3. Freedom of seafarers to leave their employment. The Committee previously requested the Government to amend the provisions of section 56 of Executive Decree No. 05-102 of 26 March 2005 establishing the conditions of employment of seafarers in merchant shipping and fisheries, so as to enable a seafarer to leave his or her employment after expiry of the notice period if he or she is not on national territory at that time. Effectively, pursuant to section 56, the employment relationship may on no account be terminated outside the national territory. Moreover, any seafarer wishing to terminate an employment relationship must inform the shipowner in writing, and the latter has 15 days following receipt of the letter to accept or refuse the resignation request (sections 53 and 55).
The Government indicates that the legal framework regulating maritime transport is under revision, at the initiative of the Ministry of Transport. The Committee hopes that the Government will take the necessary measures, as part of this revision, to revise Executive Decree No. 05-102 of 26 March 2005, so as to enable a seafarer to leave his or her employment after expiry of the notice period if he or she is not on the national territory at the time.
Article 2(2)(c). Prison labour. Hiring out of prison labour to private enterprises. The Committee refers to section 100(2) of Act No. 05-04 of 6 February 2005, issuing the Code on the organization of prisons and the social rehabilitation of prisoners, which permits the hiring out of prison labour to private enterprises, without the voluntary nature of the prisoner’s work being provided for under national legislation.

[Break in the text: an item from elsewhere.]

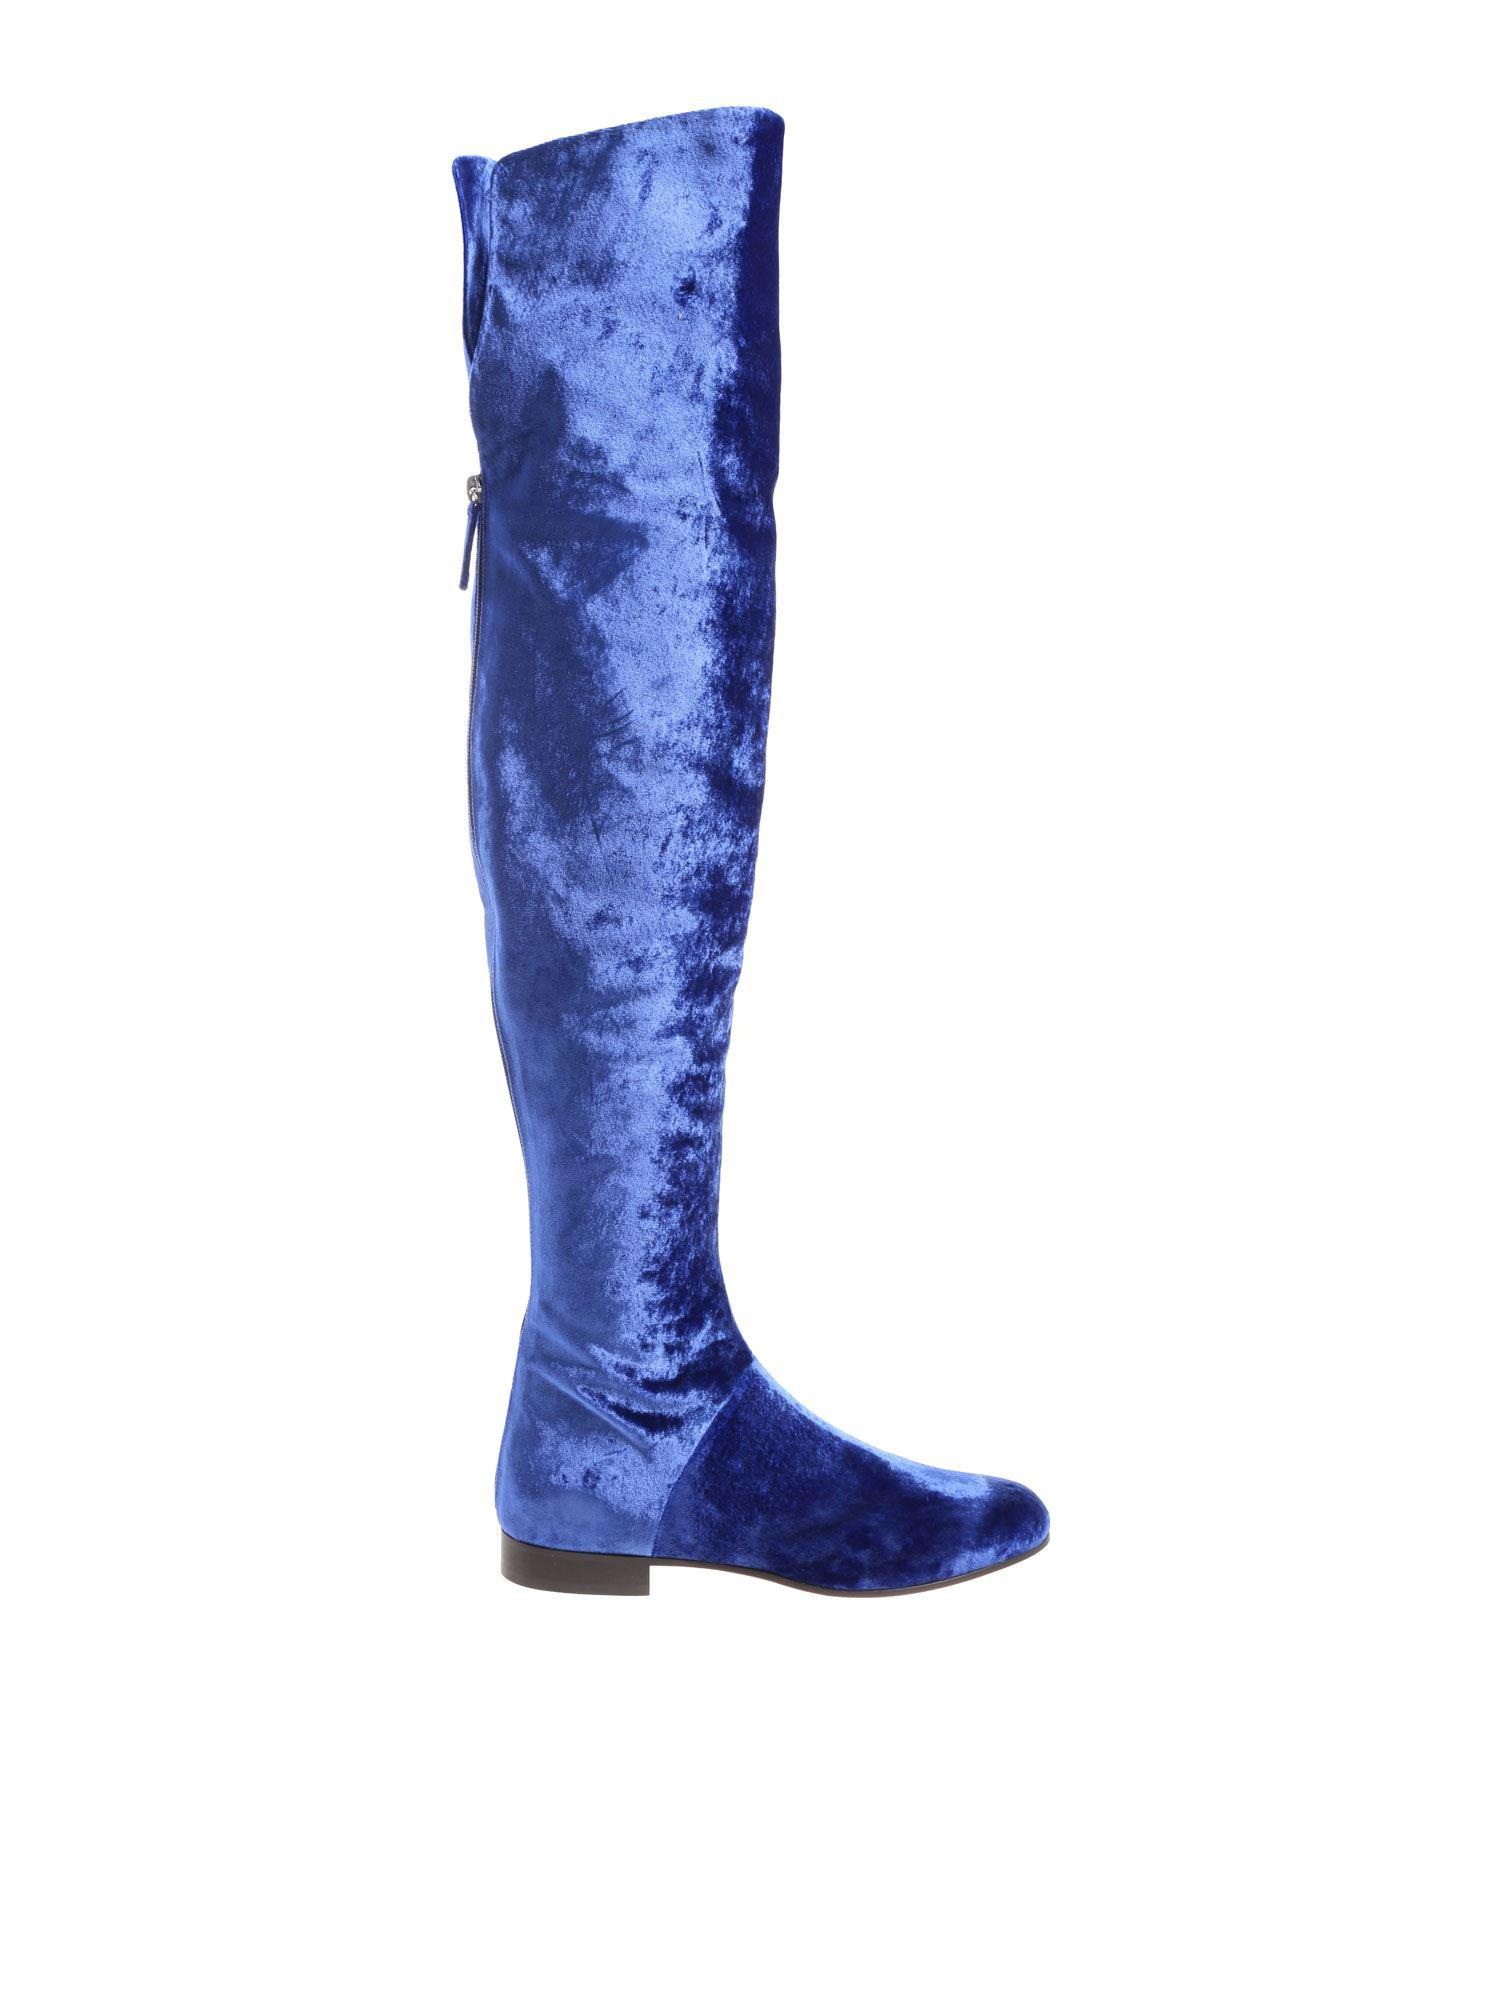 fbc40d60626 Lyst - Alberta Ferretti Electric Blue Velvet Boots in Blue

The Government indicates in this regard that work in prison promotes rehabilitation through the acquisition of new occupational skills, improved employability and the preparation of a personal project. It is based on the voluntary participation and responsibility of the prisoner, and assignments are decided following consultation of the Committee for the Execution of Sentences. The prisoners are remunerated and receive a certificate of skills on leaving prison. The Government also indicates that no prisoner was employed in private establishments under section 100(2) of the Act in 2022 and during the first quarter of 2024.
The Committee takes good note of this information. It recalls that, to be compatible with the Convention, prisoners working for private enterprises must have given their formal, free and informed consent and that conditions are in place approximating to a free labour relationship. In these circumstances, the Committee requests the Government to continue to indicate whether prisoners have been placed at the disposal of private enterprises under section 100(2) of Act No. 05-04 and if so to: (i) clarify whether the persons consent formally and freely to the work undertaken; (ii) communicate a copy of the “model agreement establishing the general conditions and nature of employment of prison labour” concluded in the event of providing labour, stipulated in section 103 of Act No. 05-04; and (iii) indicate the number of prisoners who work for private entities in this context and the guarantees by which they are covered in practice.